» **TASK ITEM**
Lines to return, exactly: from the line with "Glo Skin Beauty" to the line with "ALDO METALLIC GOLD Womens Satchel Bag" in the entries below, both included.

» **MATERIAL FOR THIS TASK**
----
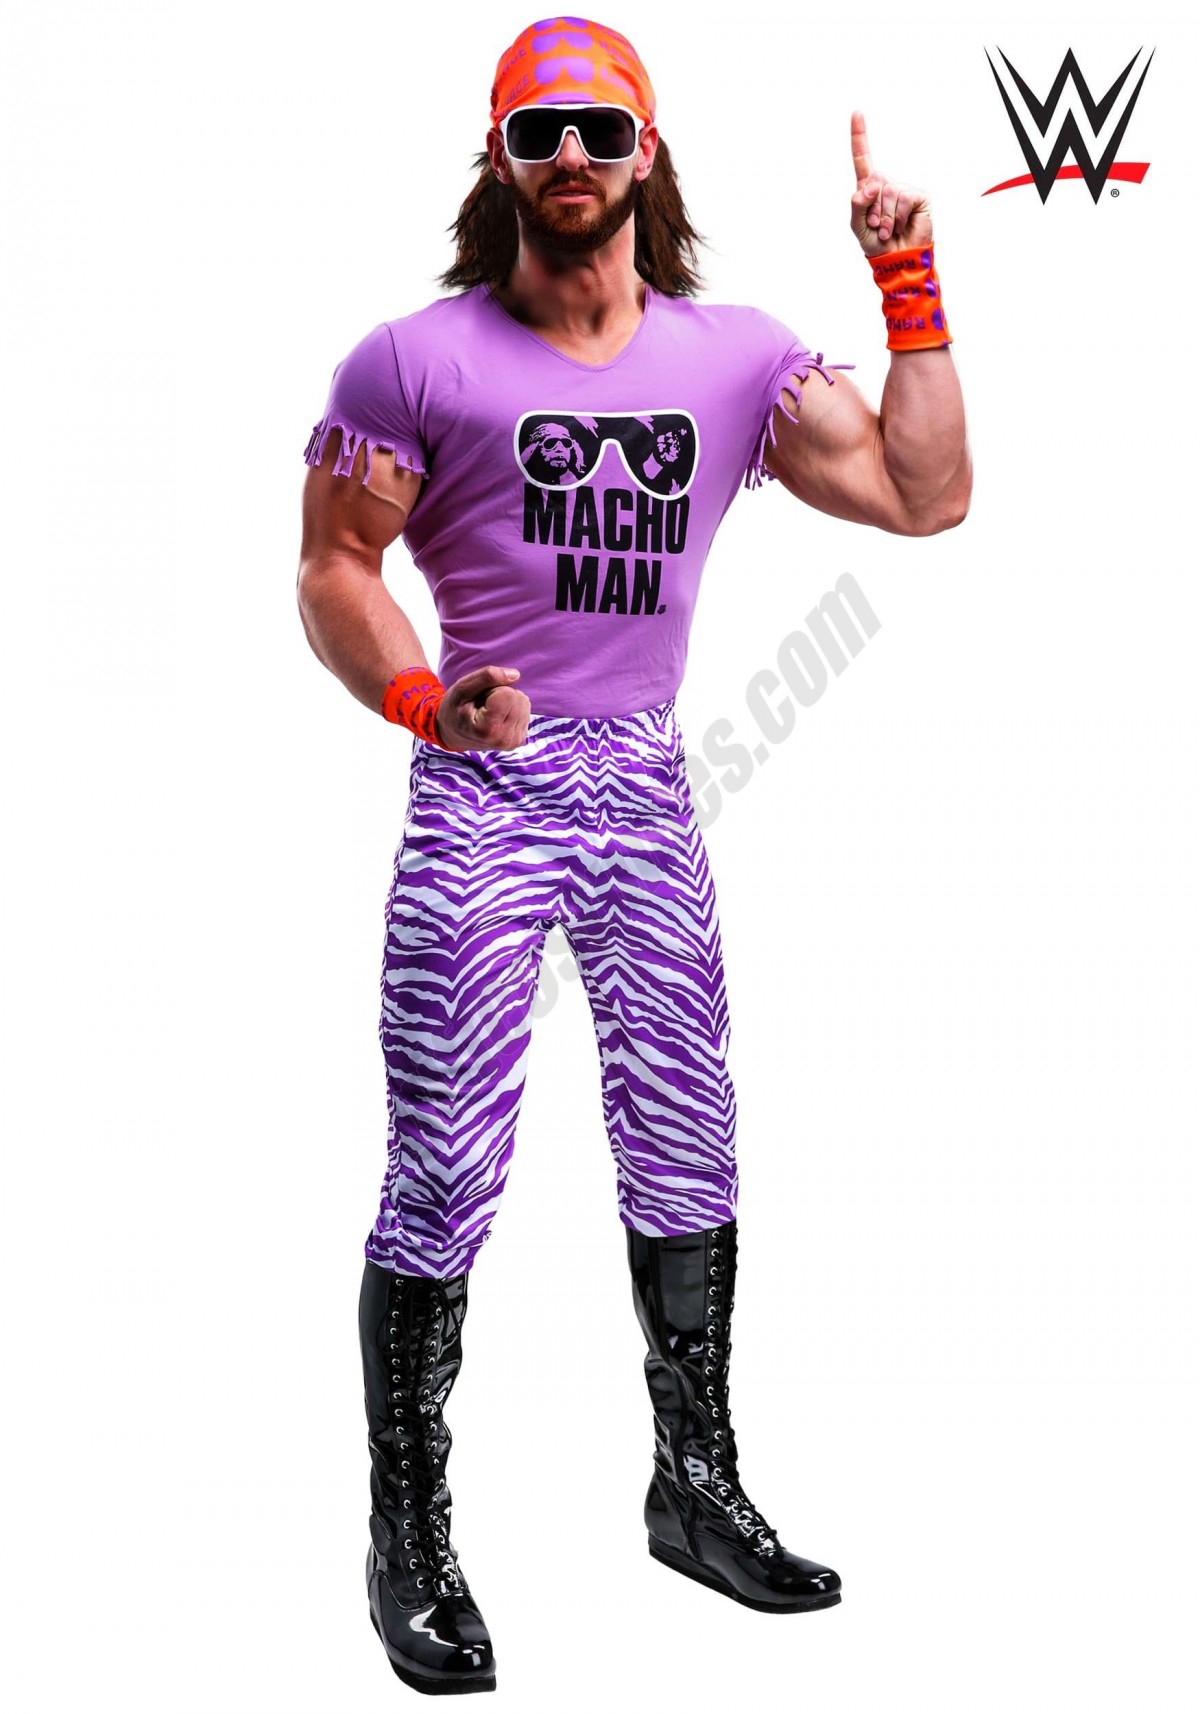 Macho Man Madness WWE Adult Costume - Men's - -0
----
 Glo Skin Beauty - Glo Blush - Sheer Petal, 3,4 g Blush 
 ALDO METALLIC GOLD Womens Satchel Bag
----
» **RESULT FOR THIS EXERCISE**
 Glo Skin Beauty - Glo Blush - Sheer Petal, 3,4 g Blush 
 ALDO METALLIC GOLD Womens Satchel Bag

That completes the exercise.